2005-05-17

New Bass Harp post

On this day in 1949, UNNO Juuza died. He was the father of modern Japanese science fiction.

Like most "father of X-ese science fiction" figures worldwide, he didn't just write sf. He also wrote mysteries, adventures, magical realism, and I recently discovered that he even wrote scripts for radio plays about schoolkids. And so I decided to translate one of them.

This radio play was broadcast in 1938, which was before Japan drew America into the Pacific war -- but they had already been occupying Manchuria for years, and Korea for decades. And Unno wasn't exactly a conscientious objector, either -- he wrote military sf during the war and was in the navy himself. It was apparently a great shock to him when Japan lost.

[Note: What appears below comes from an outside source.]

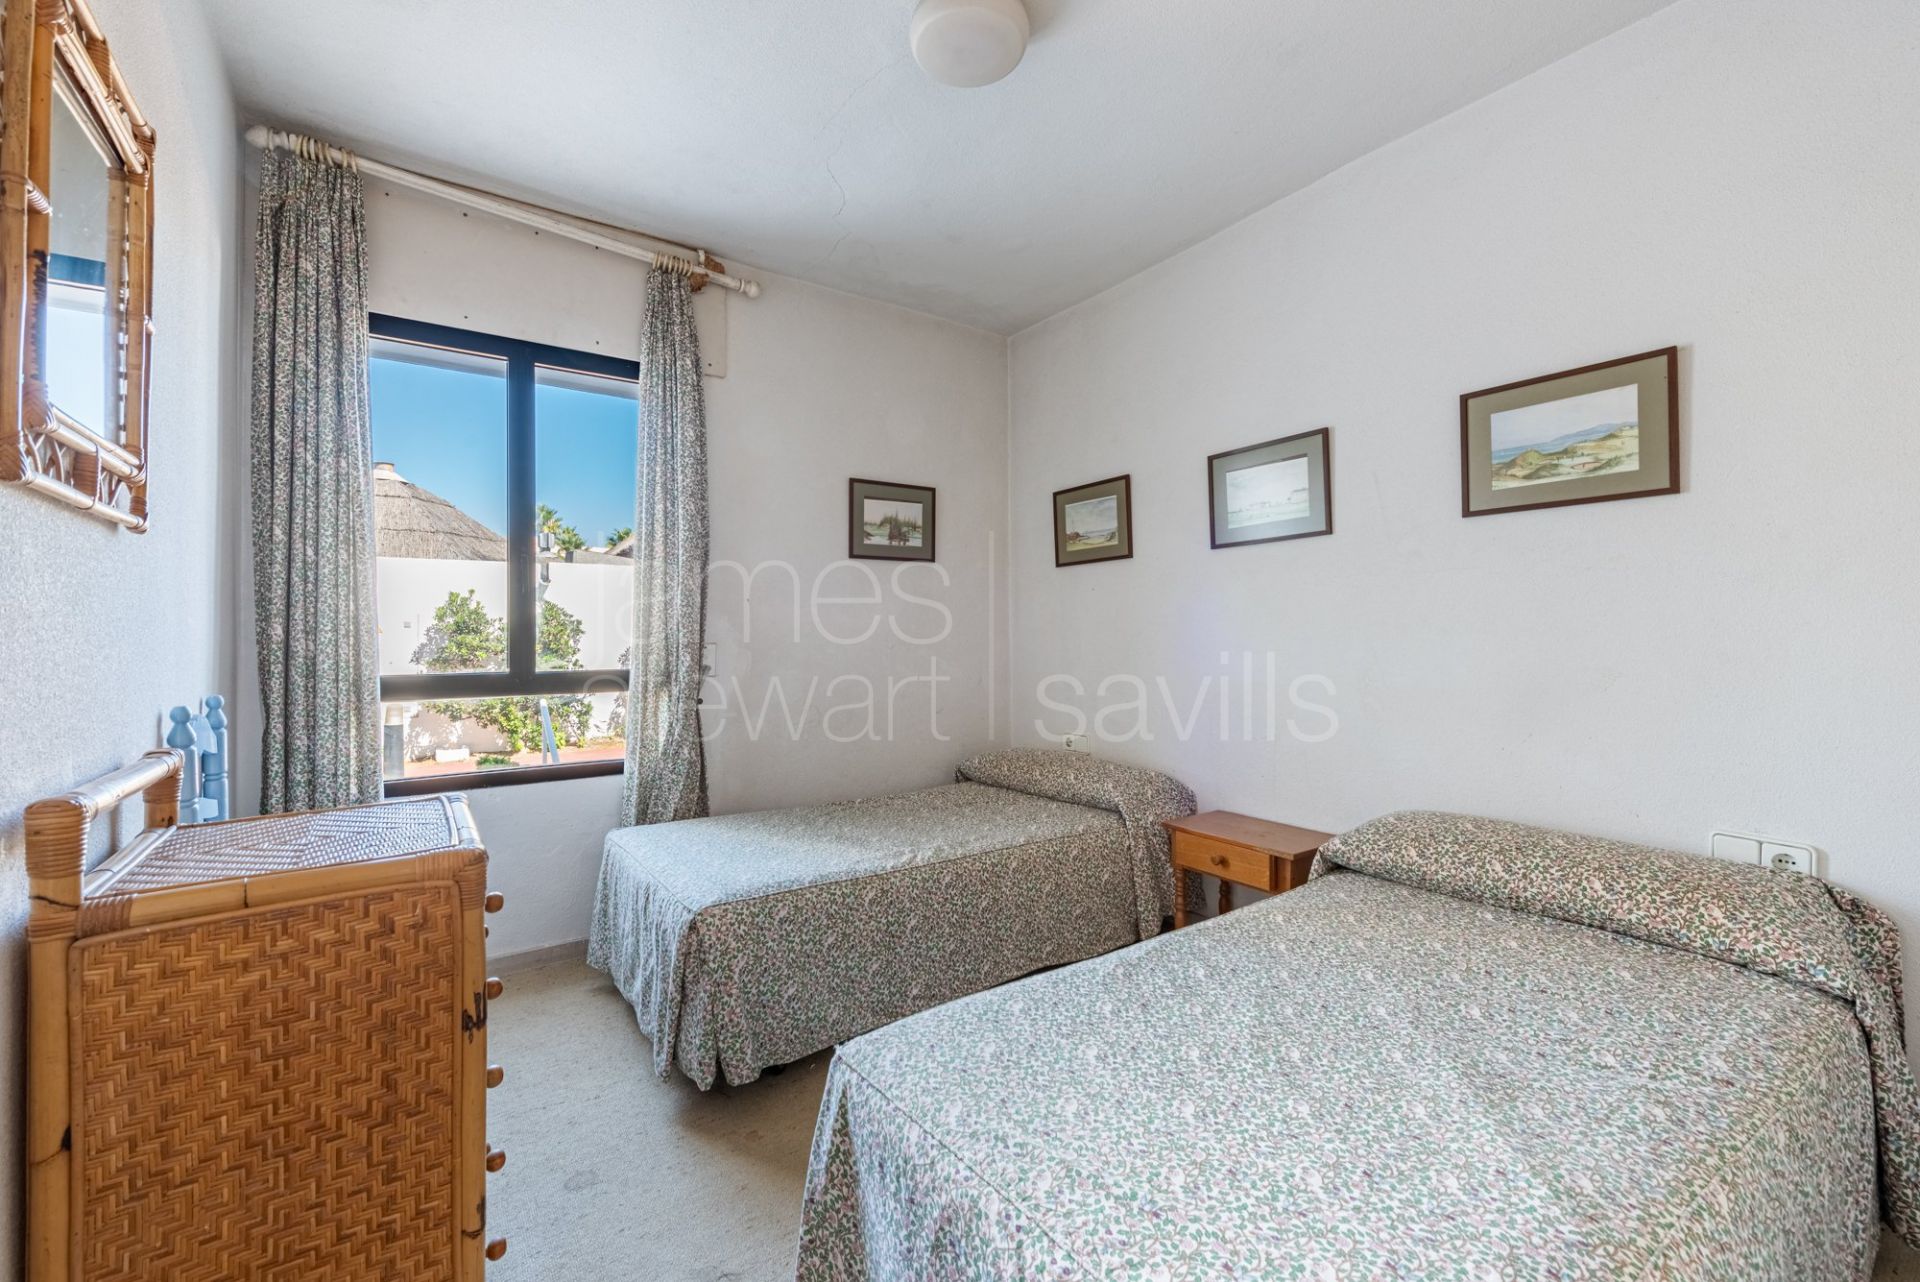 Apartamento de 4 dormitorios con jardín frente al mar Mediterráneo y el Peñón de Gibraltar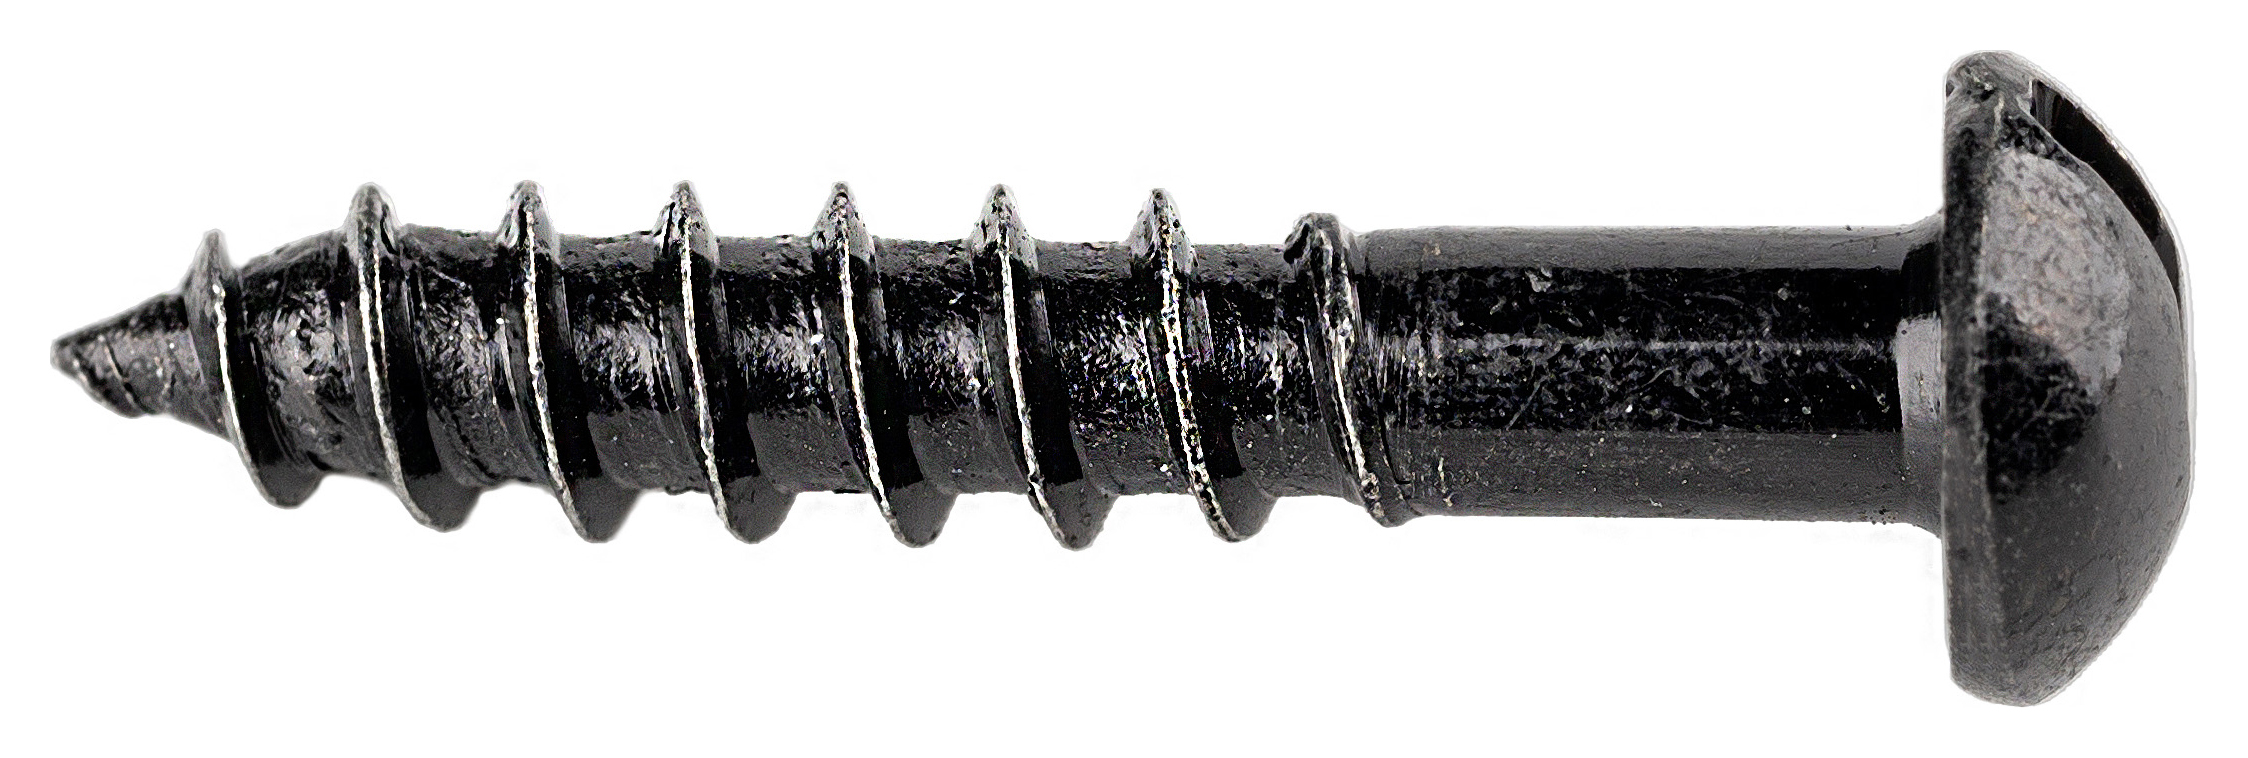 Wickes Black Japanned Wood Screws - 5 x 25mm - Pack of 25

So, although I haven't done painstaking research into his life, I'd suggest that we can reasonably assume that the uncritically nationalistic elements in his work -- including this play -- are expressions of his personal beliefs, rather than, say, attempts to undermine and satirise the political movements of the day.

I'm posting Act 1 today. It's like a weird cross between 1930s nationalist sloganeering and an Enid Blighton boarding-school story. (Ironically, the part that seems the most immediately shocking today -- the bit right at the start where students in the background tease each other about their skin color -- is, as far as I can tell, the most innocent; the idea of the Japanese as a single, unique race was very much in effect in 1938, so it's about standards of beauty rather than race. I believe that a modern equivalent in English-speaking countries might be teasing someone for having a goofy-looking chin, or red hair and freckles.)

Act 2 will come tomorrow, and Act 3 on Thursday (They aren't really connected to each other.)